A Step-by-Step Guide to Installing OpenDKIM with Postfix on Ubuntu – Unleash the Power of DKIM!

DKIM or DomainKeys Identified Mail is an authentication protocol used to validate the identity of a sender. It’s an important tool for preventing email spoofing, which is when a person impersonates another user and sends emails with their name and address. DKIM Key works by using an OpenDKIM or Domain Key to sign each message sent. The key is an encrypted string of characters unique to the sender and is used to verify the message comes from the sender’s domain. This makes it harder for malicious actors to send forged messages. DKIM Key also allows receivers to reject messages that fail authentication. This provides added protection against spoofing and other email-based attacks. It’s a crucial safety measure for any email server and one that can help protect your business and its customers.

This tutorial will provide you with a quick and easy way to setup DKIM (DomainKeys) with the Postfix Mail server running on Ubuntu and Debian-based systems.

Prerequisites

Before we install and configure OpenDKIM for Postfix, we need to make sure that we have the necessary prerequisites in place.

• First and foremost, you will need a working Ubuntu system with root access.
• You will also need to have Postfix installed and configured.
• The last prerequisite is that you should have a valid domain name with DNS access.

Without these prerequisites in place, you will not be able to install and configure OpenDKIM on your server.

Step 1: Install Opendkim Package

Once you have all the prerequisites in place, you can start installing OpenDKIM. We will be using the apt package manager to install OpenDKIM on Ubuntu.
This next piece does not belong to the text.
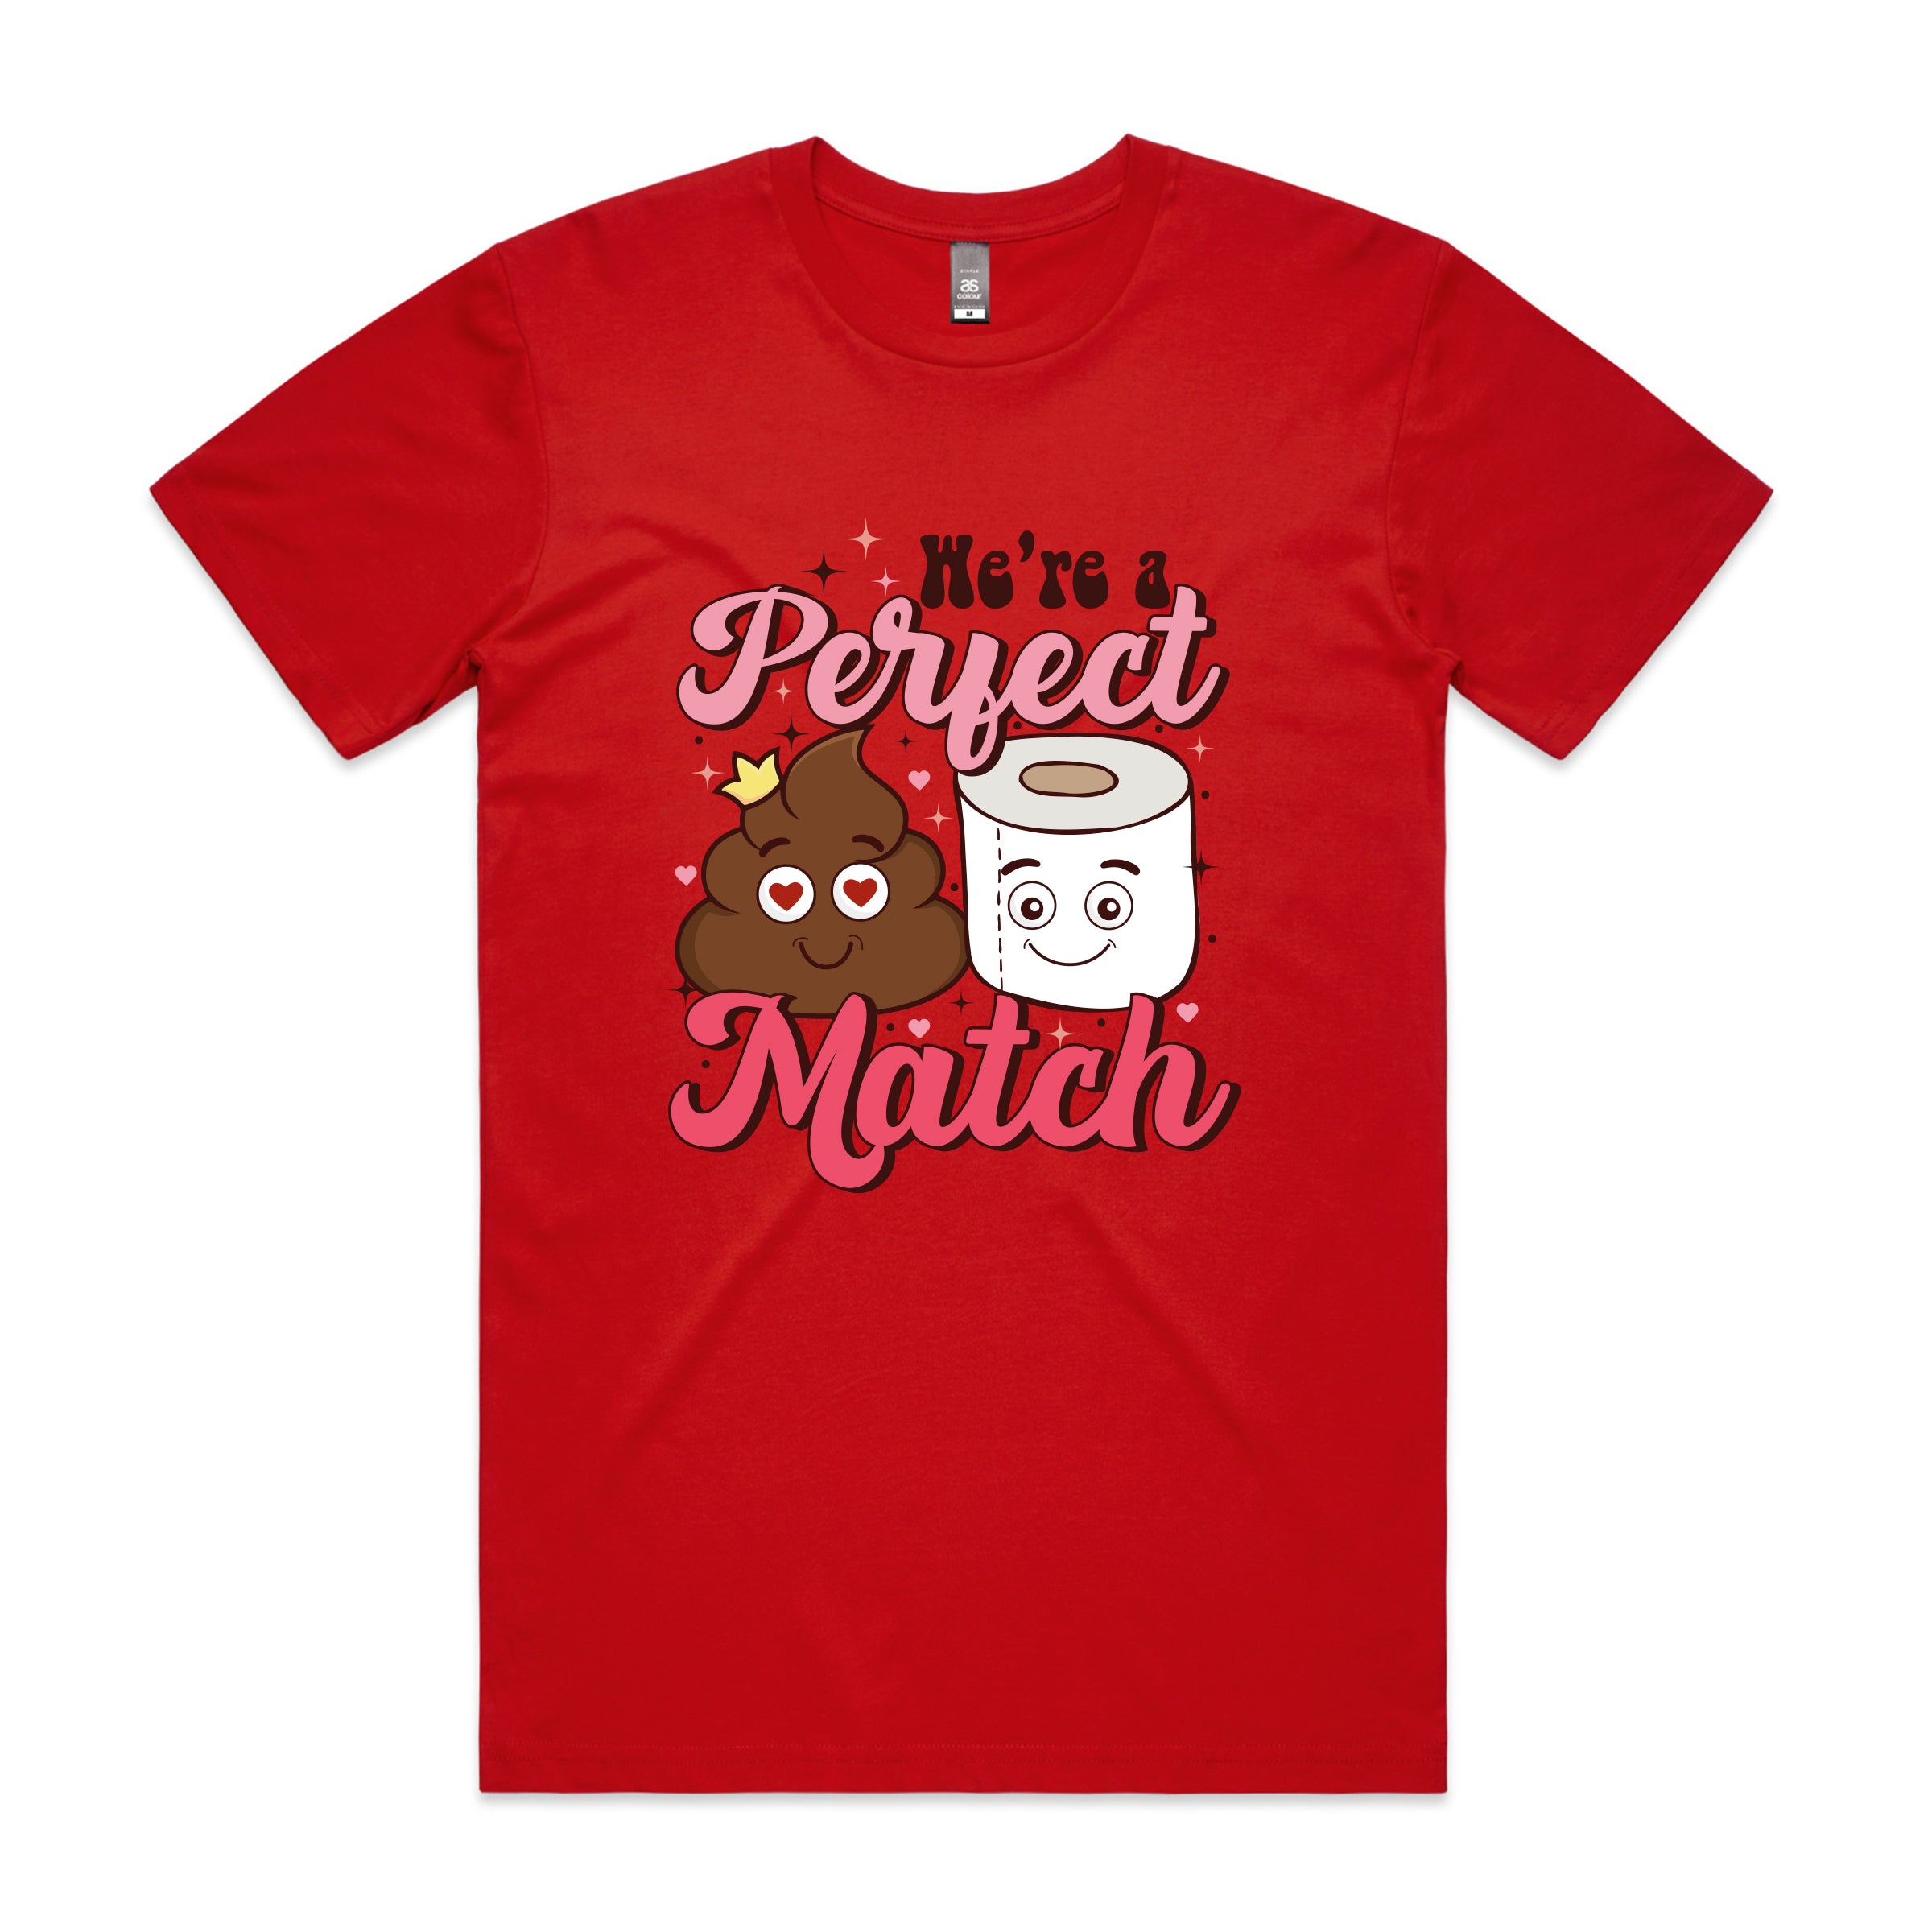 WE'RE A PERFECT MATCH TSHIRT

To install OpenDKIM, you will need to run the following command:

sudo apt update 
sudo apt install opendkim opendkim-tools 

Then add the postfix user to the opendkim group.

sudo usermod -G opendkim postfix

Step 2: Generate Public and Private DKIM Keys

The next step is to create a proper directory structure to keep the Key files secure. Run the following commands to create a directory and set permissions.
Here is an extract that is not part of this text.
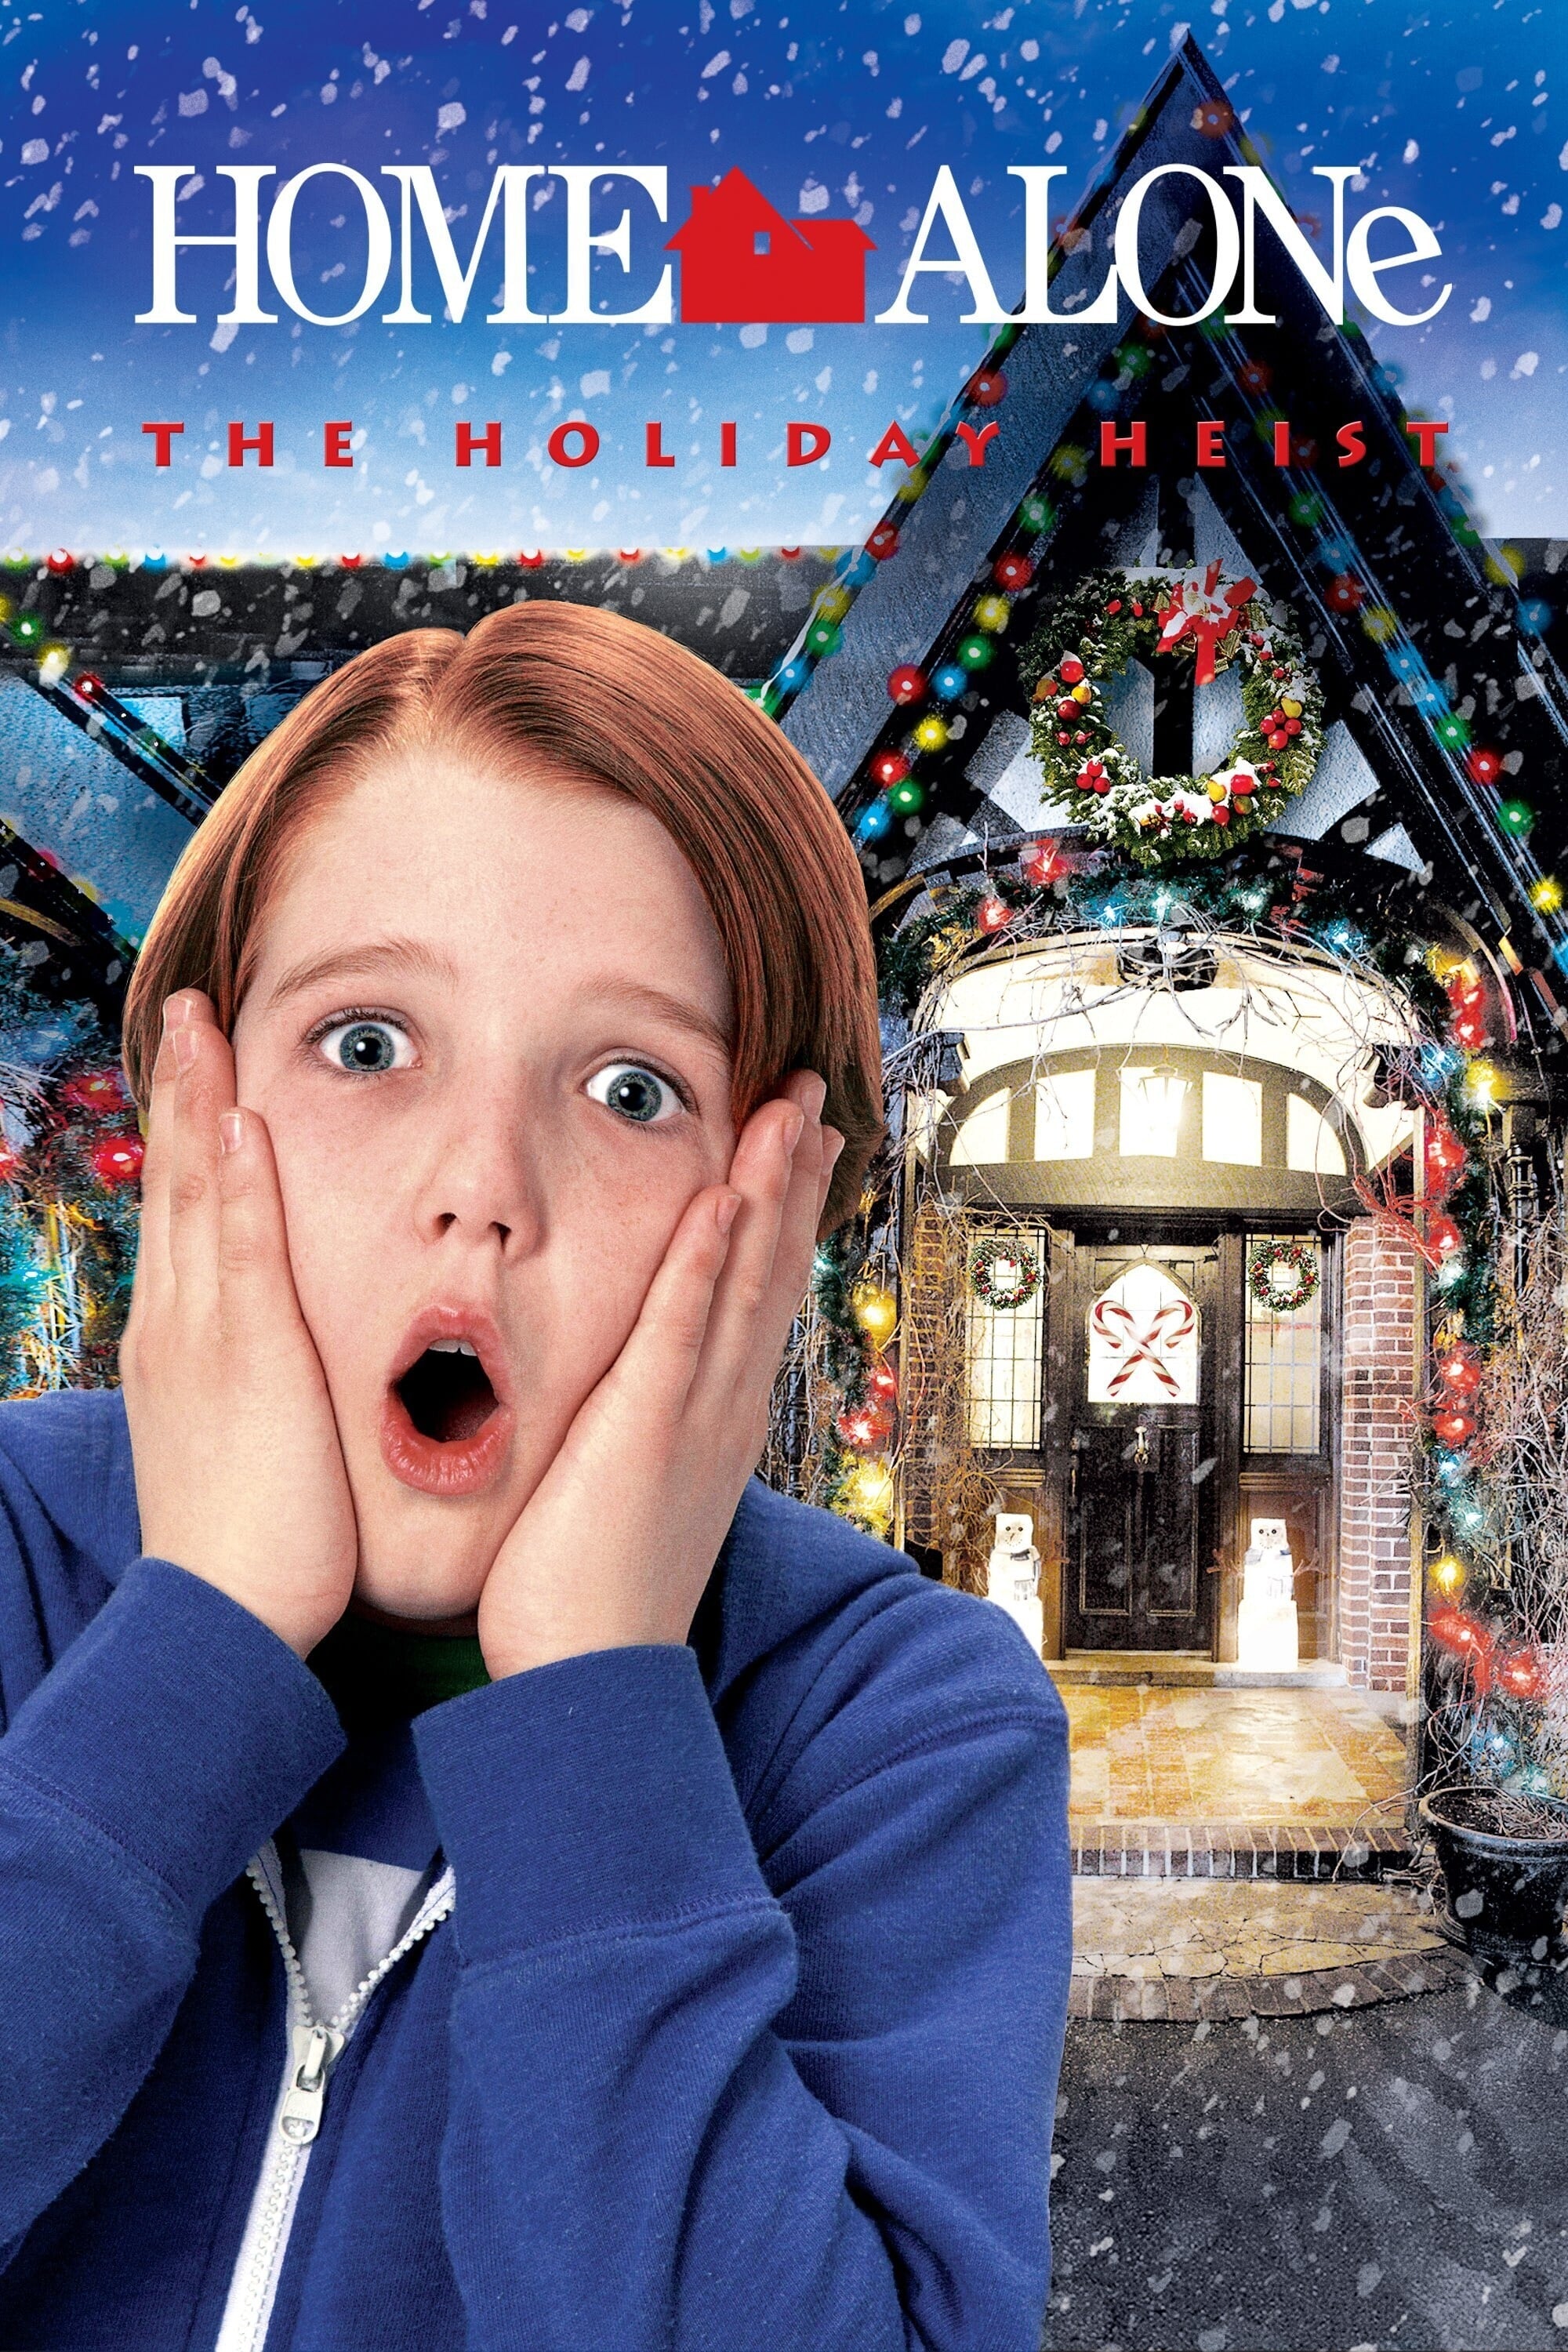 Home Alone The Holiday Heist Series9 Watch movies

sudo mkdir -p /etc/opendkim/keys 
sudo chown -R opendkim:opendkim /etc/opendkim
sudo chmod  744 /etc/opendkim/keys 

Now, generate your public and private DKIM keys using opendkim-genkey command line utility. All the commands are using “example.com” as a domain name. Replace it with your real domain name. We also need to choose a selector name, This can be any unique string, that helps Mail servers to identify the correct DKIM key from the DNS record. Below command will use default as selector key:

sudo mkdir /etc/opendkim/keys/example.com 
sudo opendkim-genkey -b 2048 -d example.com -D /etc/opendkim/keys/example.com -s default -v 

This command will generate a public and private key pair for you. The private key will be stored in the file “selector.private”, and the public key will be stored in the file “selector.txt”. In our case, The filenames are “default.private” and “default.txt”.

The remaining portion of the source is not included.